Dataset section =
◆ ◆ ◆ ◆ ◆

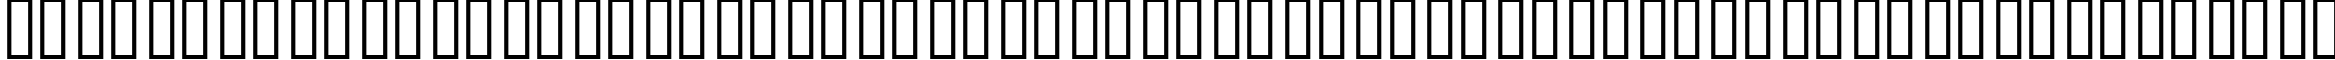 Пример написания русского алфавита шрифтом SKYfontbrands
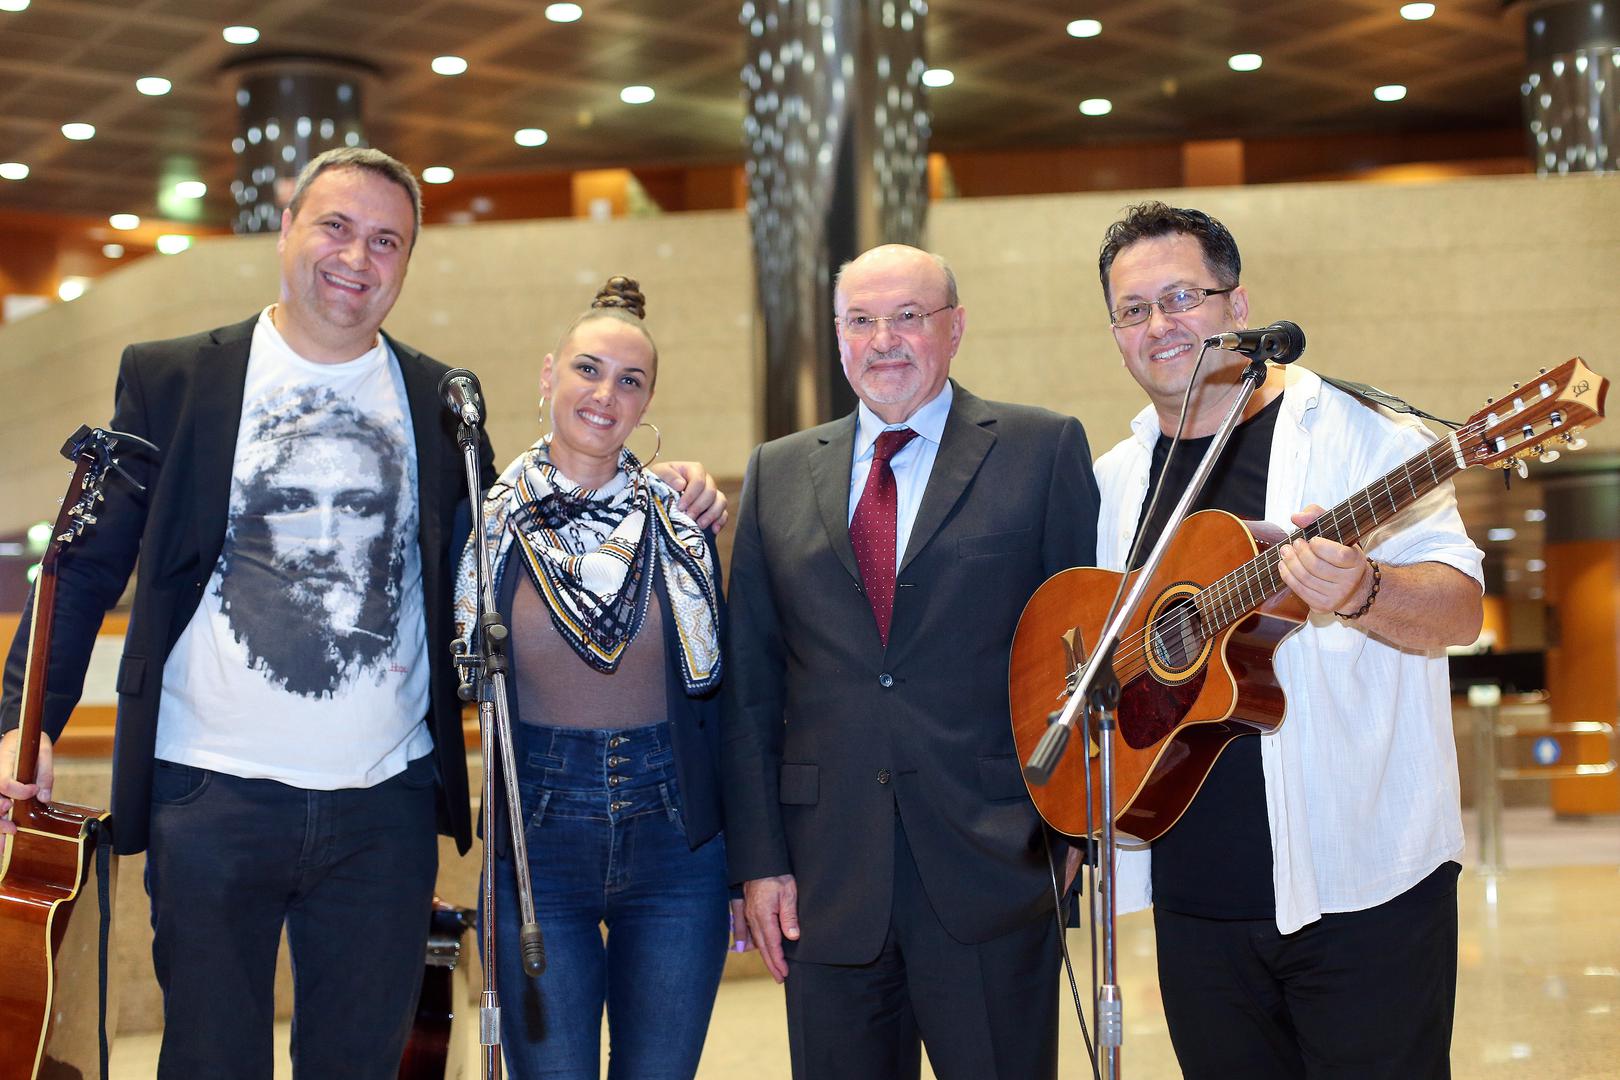 Glazbeni program osigurao je sastav Zvonka Palića, Anite Gojanović i Josipa Ćulumovića
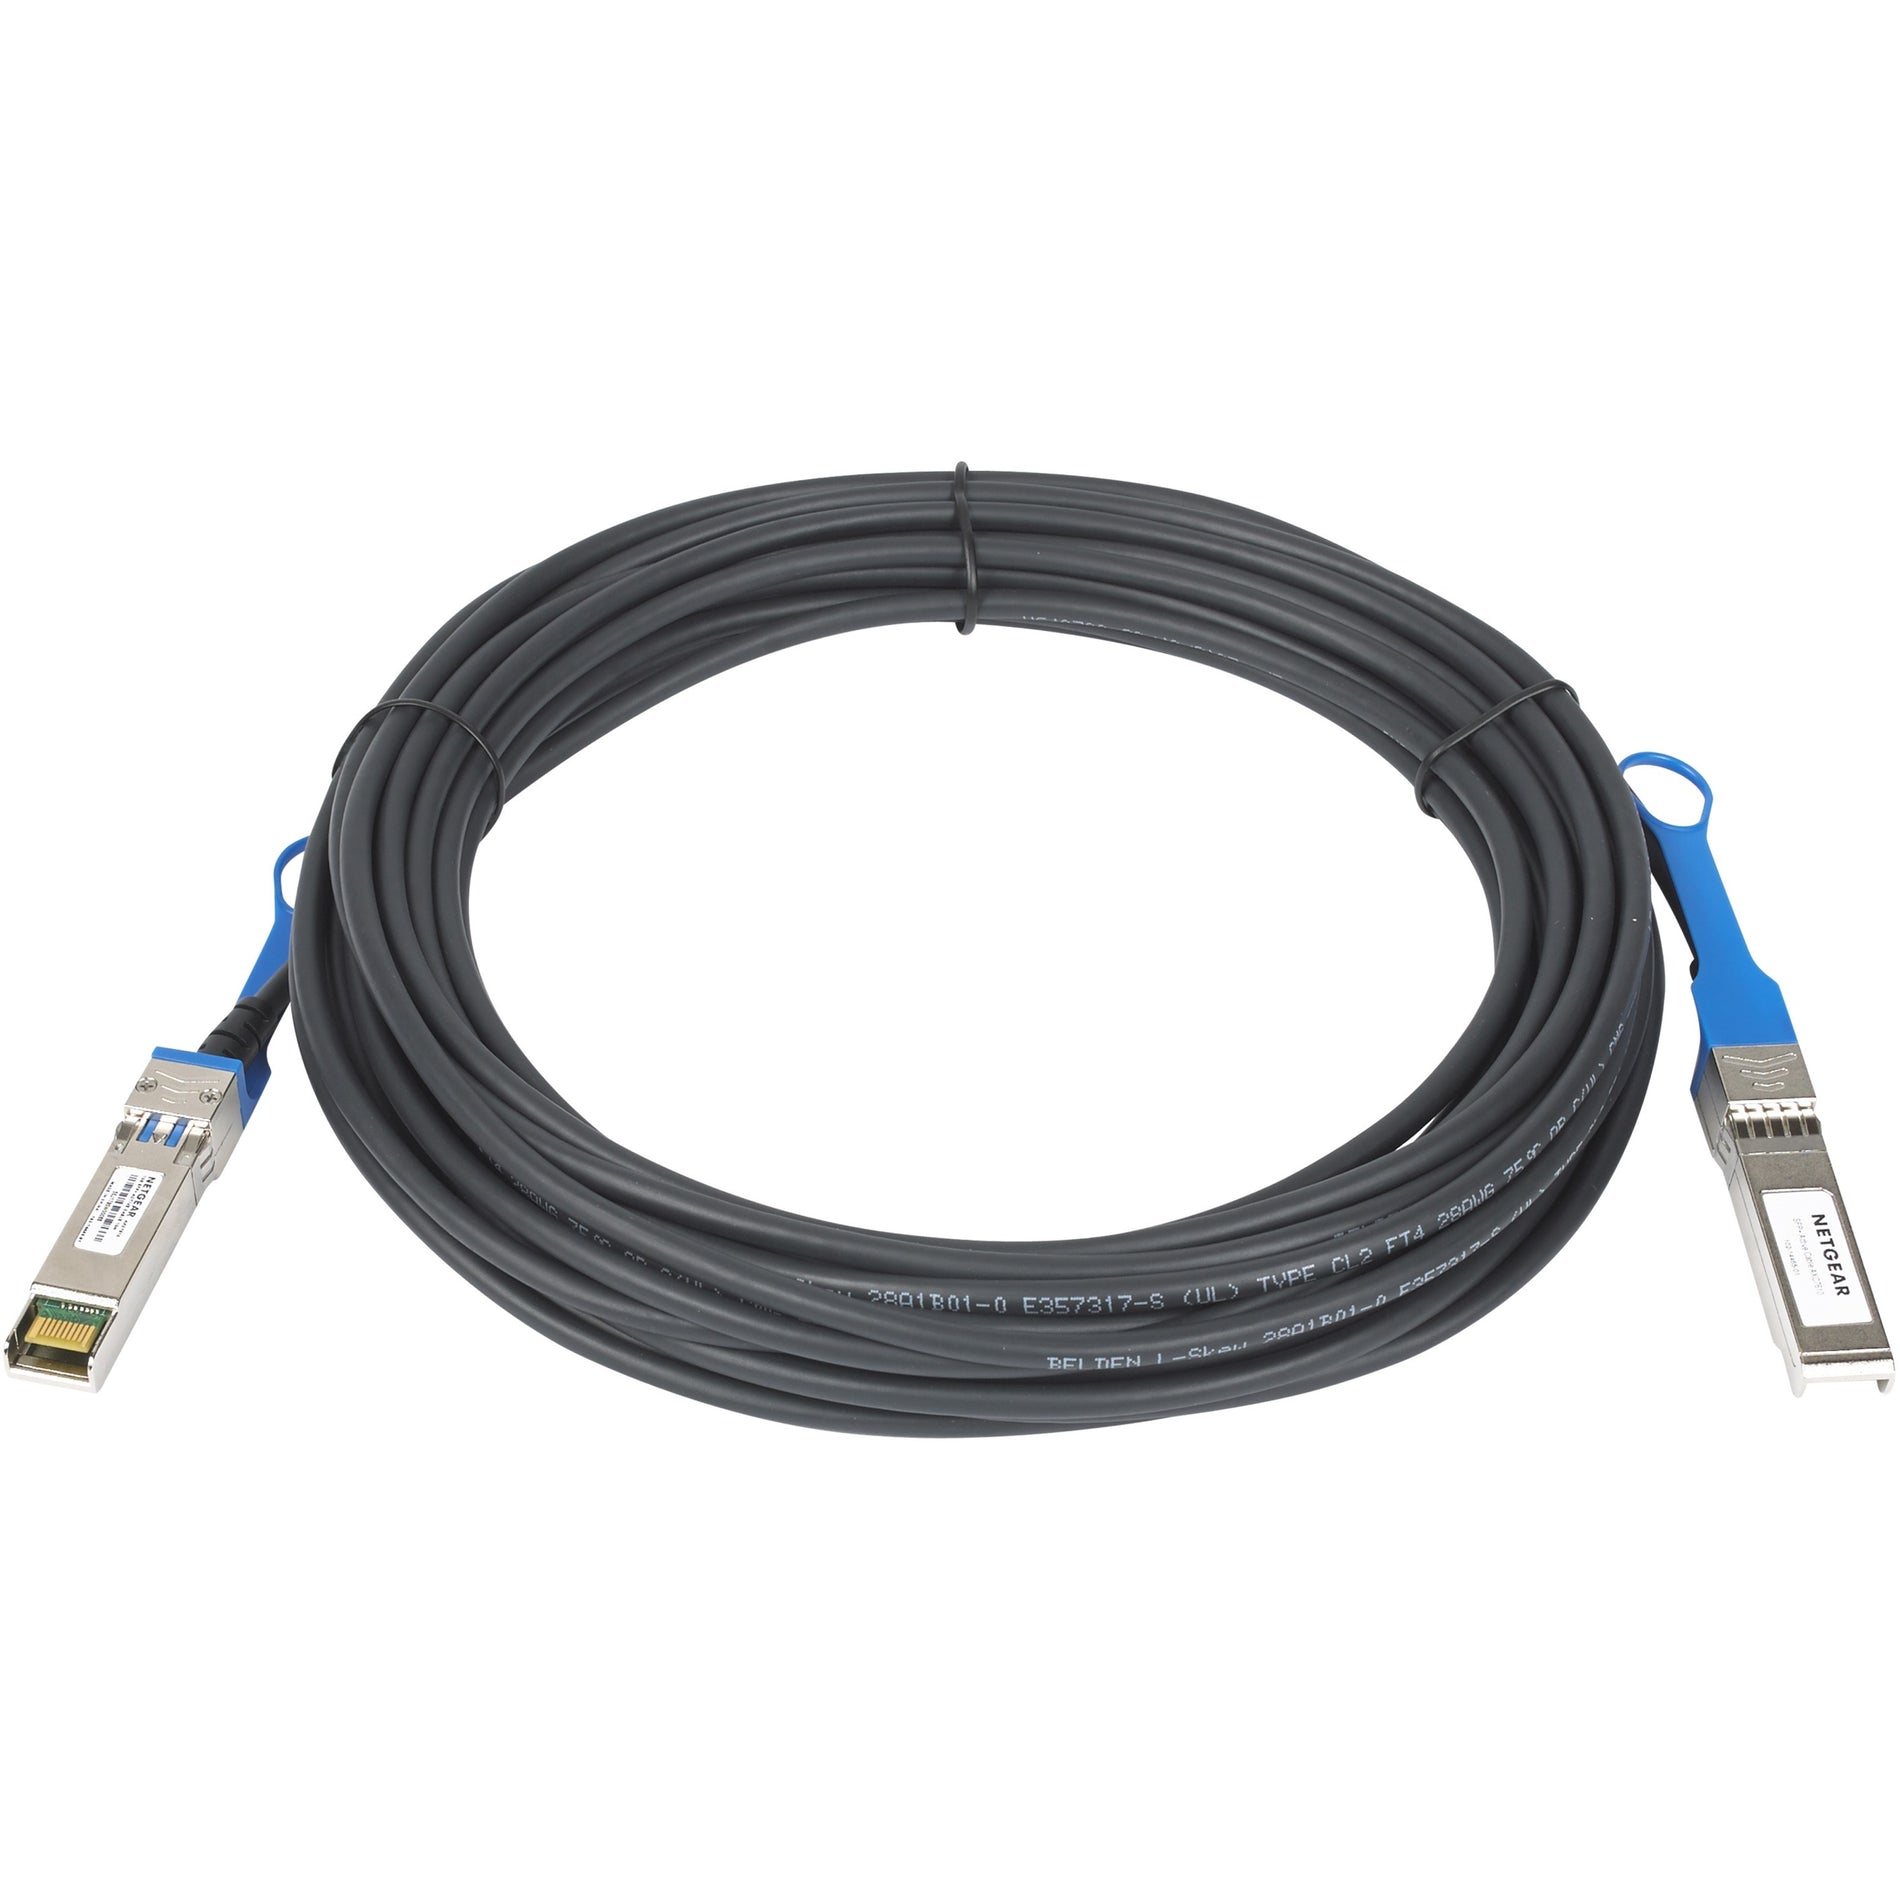 Netgear AXC7610-10000S 10m Direct Attach Active SFP+ DAC Cable 10 Gbit/s Data Transfer Rate  Netgear AXC7610-10000S 10m Câble DAC SFP+ Actif à Connexion Directe Taux de Transfert de Données de 10 Gbit/s

◆ ◆ ◆ ◆ ◆

Problem to solve = Restate the full listing verbatim and drop every picture.

Reply to the task =
 Пример написания русского алфавита шрифтом SKYfontbrands
 Glazbeni program osigurao je sastav Zvonka Palića, Anite Gojanović i Josipa Ćulumovića
 Netgear AXC7610-10000S 10m Direct Attach Active SFP+ DAC Cable 10 Gbit/s Data Transfer Rate  Netgear AXC7610-10000S 10m Câble DAC SFP+ Actif à Connexion Directe Taux de Transfert de Données de 10 Gbit/s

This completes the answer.